Wednesday, May 20, 2009

Sharon Gless - Watch on the Rhine


Sharon Gless, probably best known for her role in the television series “Cagney & Lacey” (1982-88) made her stage debut at StageWest in Springfield, Mass., October 1989.

In an interview with Fred Sokol of The Springfield Sunday Republican, October 22, 1989, Gless confessed her fear at this new experience of performing live on stage.

“I go to sleep with my heart pounding. I wake up with my heart pounding.”

The play was Lillian Hellman’s “Watch on the Rhine”, directed by Eric Hill as part of StageWest’s 23rd season (for most of its existence, StageWest had been located in West Springfield, Mass.)

Gless played Sarah Müller, the role those more familiar with the 1943 film version was played by Bette Davis. Jan Triska played her husband Kurt, the Nazi hunter, and the venerable Academy Award-winning actress, Kim Hunter, played her formidable mother. Kent Broadhurst was the villainous informer Teck, and fans of 1960s daytime television would recognize Jacqueline Betrand as Anise, companion to Kim Hunter’s matriarch.

The intense drawing room drama was well suited to the intimate theater. One minor point worth noting is that perhaps one trick that kept the flow of the serious mood through the scene breaks and intermission was the use of stagehands dressed as household servants. Rather than scrambling in the half light (or dark) to strike props, the lights remained up, and “the maid” or “the butler” would stroll casually to retrieve or place whatever was necessary for the next scene.

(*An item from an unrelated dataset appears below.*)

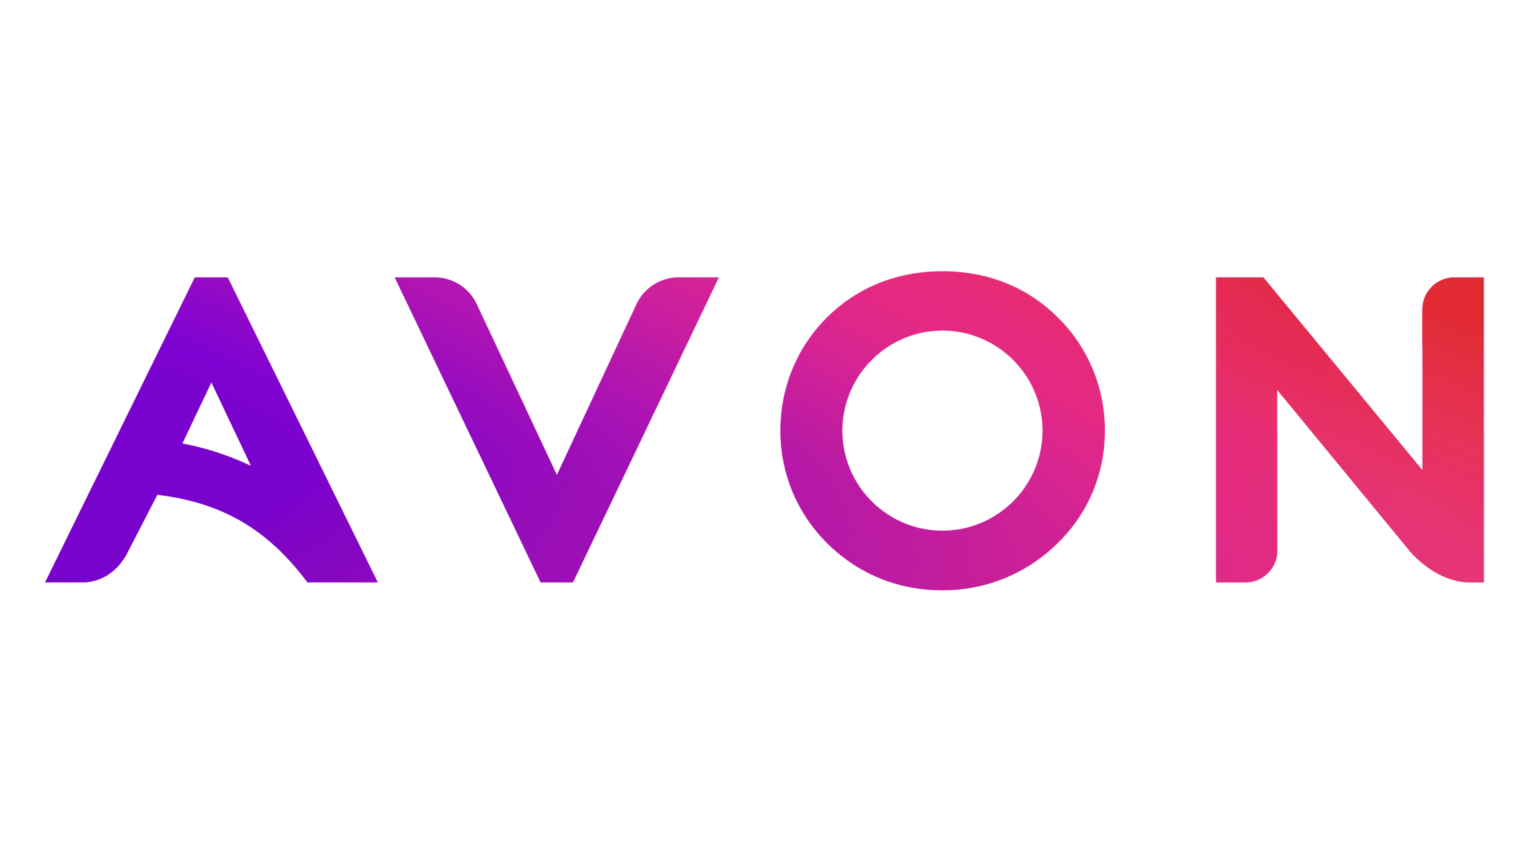 logo-Avon

Sharon Gless need not have been so terrified. “This is not fun yet” she replied in Sokol’s article during rehearsal. Her performance, and the play, was well done, a play that reflected America’s crisis of conscience in the days before World War II, and remains a timeless study of the risks both of ignoring political social forces, and the consequences of standing firm among them.

2 comments:

  1. I enjoyed this look back -- I was unaware Gless had done stage work. I've enjoyed her TV work going back to very early in her career.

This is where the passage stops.